Market Perspectives April 11, 2014

Chicago Board of Trade Market News

Outlook: USDA estimates for world agricultural supply and demand were published on Wednesday April 9 and the data was somewhat bullish for feed grains. The estimated ending stocks for U.S. feed grains were reduced because of reductions in corn and barley. The most bullish surprise to market participants was a substantial 125 million bushel increase in the estimate of U.S. corn exports for the present season. That increase in U.S. corn exports caused the ending stocks estimate to decrease by the same amount, which USDA now projects to be 1.331 billion bushels of corn when the present 2013/14 season is completed at the end of August. Note that these U.S. corn ending stocks are well below the prior projections of 2 billion bushels that many analysts were giving back in November. Consequently, the price rally in corn contracts from January to the present makes sense.

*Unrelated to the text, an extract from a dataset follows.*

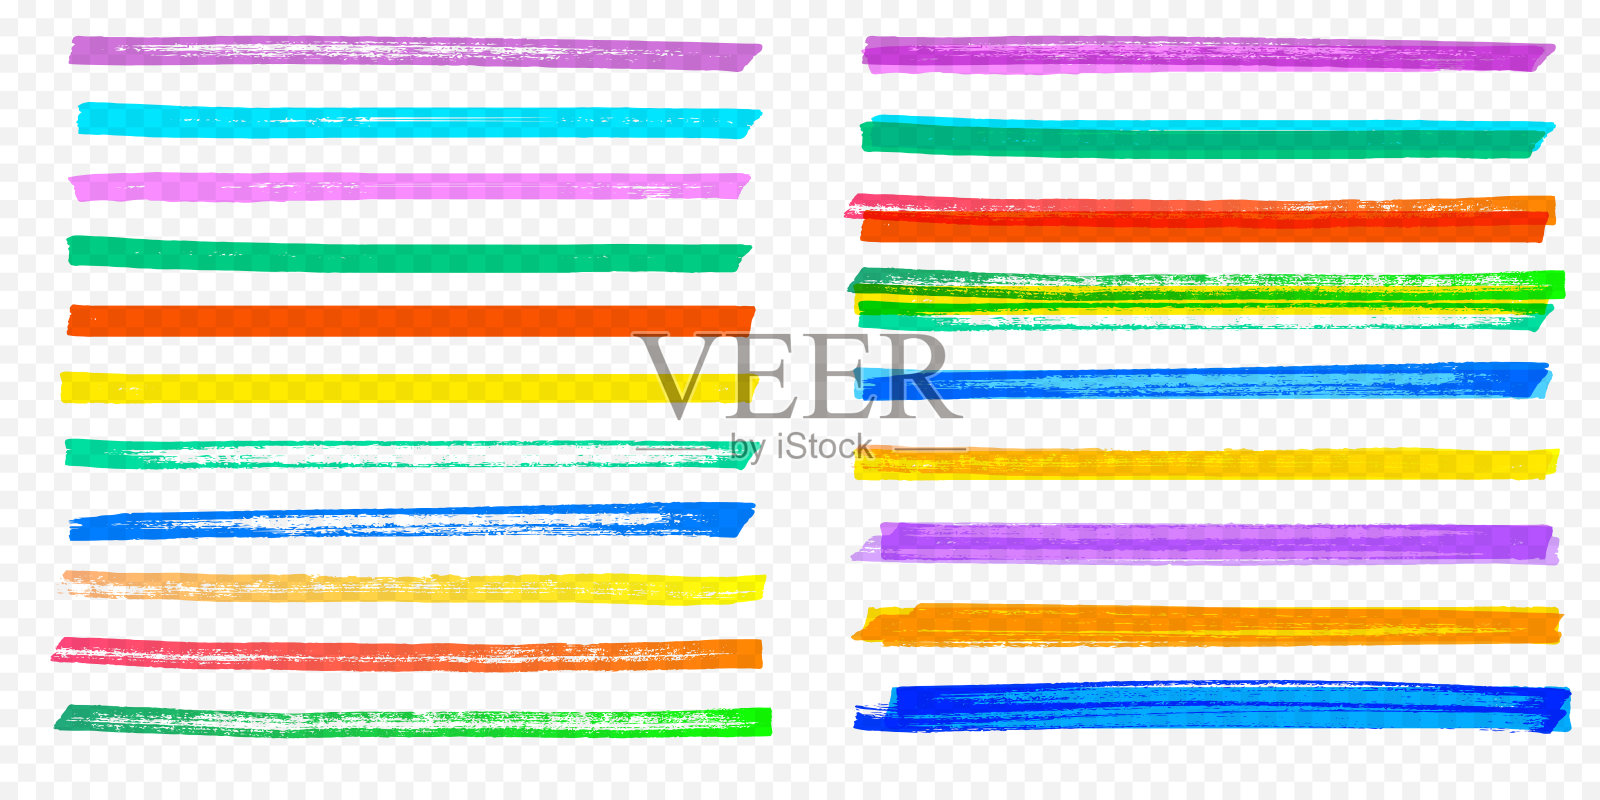 高亮笔刷笔触设置矢量颜色标记笔线透明背景插画图片素材

The ending stocks estimate of U.S. barley was reduced by 7 million bushels, from the March estimate of 90 down to the new April estimate of 83 million bushels. This revision down happened because of a 5 million bushel reduction in estimated imports and a 2 million bushel increase in exports. As well, there was a sizable 20 million bushel increase in the estimate for U.S. sorghum exports, from 160 to 180 million bushels, but that change was offset by a reduction in domestic use that was based on the higher than expected quarterly stocks estimate of sorghum, which was published in the March 31 Grain Stocks report.

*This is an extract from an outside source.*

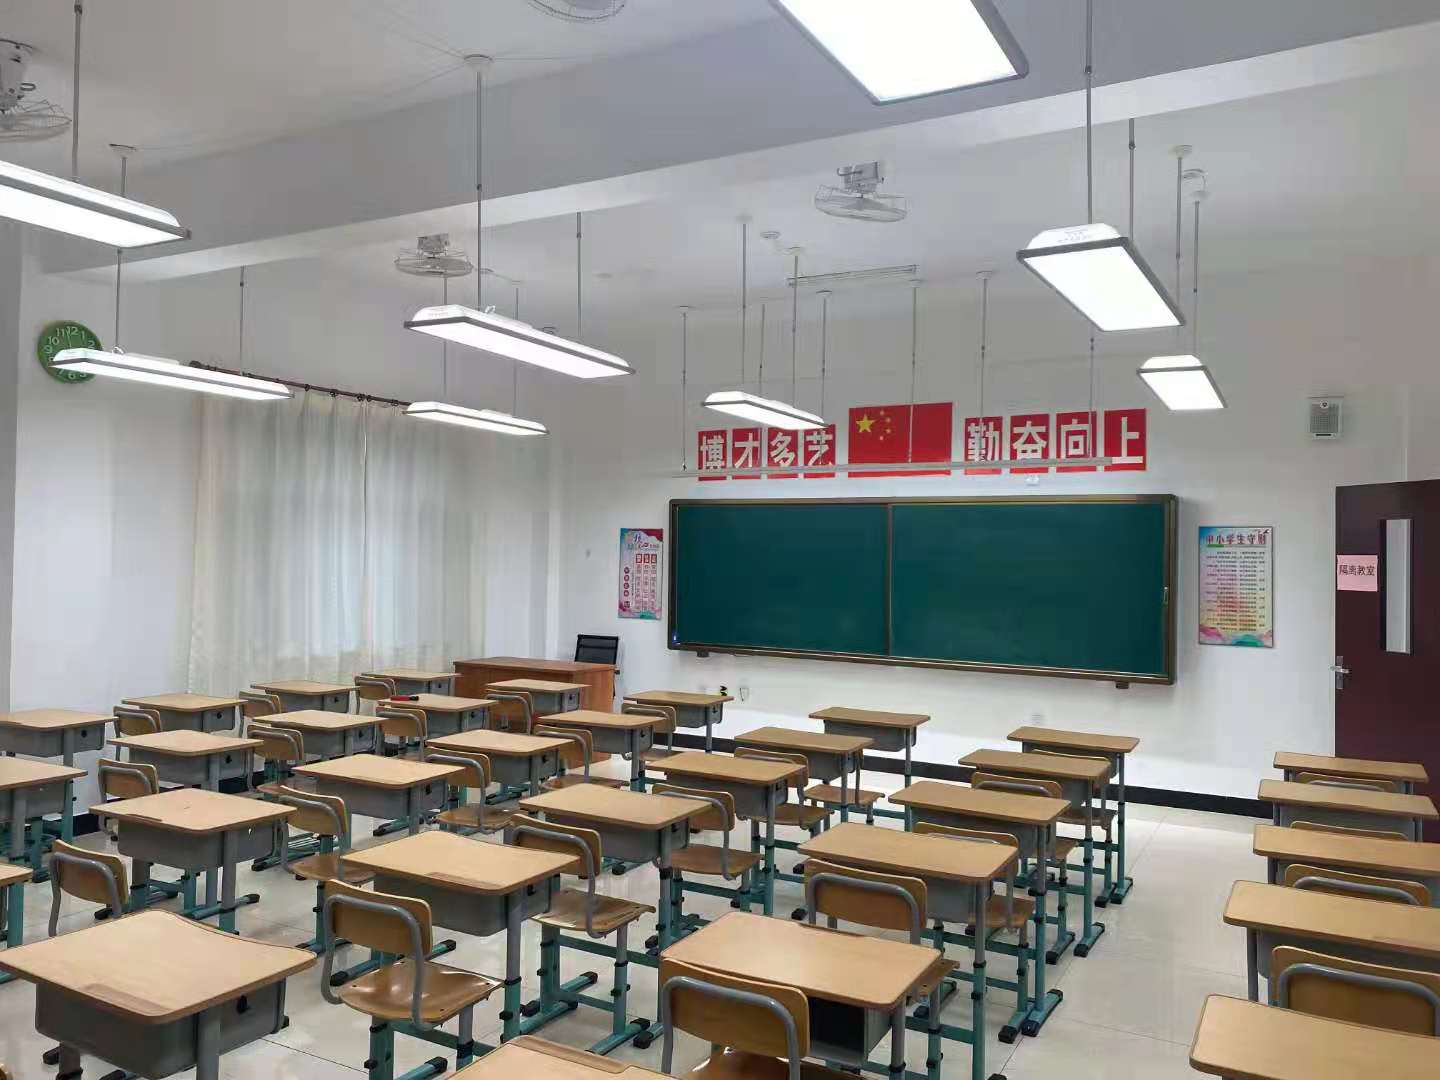 教室一般用什么灯才符合国家标准？

It is interesting to note that even though USDA increased their global corn production, the estimate for global ending stocks of corn declined slightly for this season. Corn production estimates for Brazil, Russia and South Africa increased for a combined total of 6.4 MMT and was entirely offset by increased global corn usage.

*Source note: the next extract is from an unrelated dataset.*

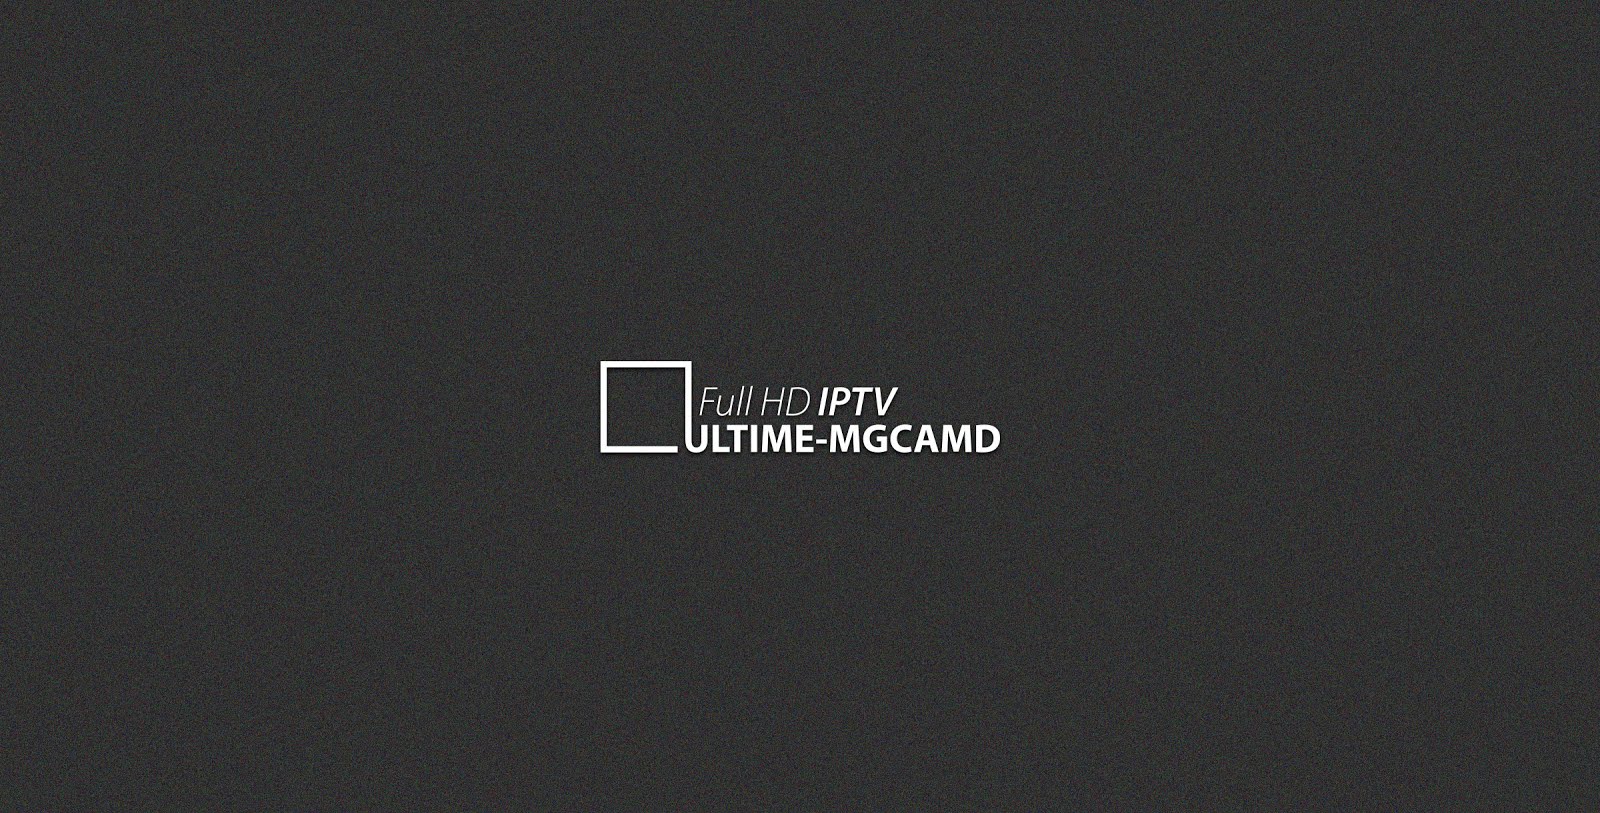 IPTV by ULTIME-MGCAMD

USDA’s revised estimates for global feed grains are by themselves more bullish, but corn futures contracts in the short run could come under the influence of other more negative factors. More bearish factors that could influence near-term corn prices are:

1. Speculators have already built substantial long positions in corn and soybeans and need to do some profit taking.
2. Chinese crushers are anxiously attempting to get out of some South American soybean purchases and a sell-off in soybeans could influence corn.
3. Wheat data in the latest WASDE was also somewhat bearish and could have some influence on corn.
4. Any sell-off in stocks could also have some indirect influence.
5. Weather in the U.S. Corn-belt is forecast to improve.
6. South American corn is becoming increasingly available to the global market.
7. Lastly, U.S. farmers are likely to consider items such as the proceeding factors and uniformly decide it is time to sell some more of their 2013/14 feed grain inventory.

The outlook is that corn contracts could experience a near-term price setback and then be followed by another rebound of some sort going into corn pollination. The extent of any pre-pollination rebound will be heavily influenced by weather.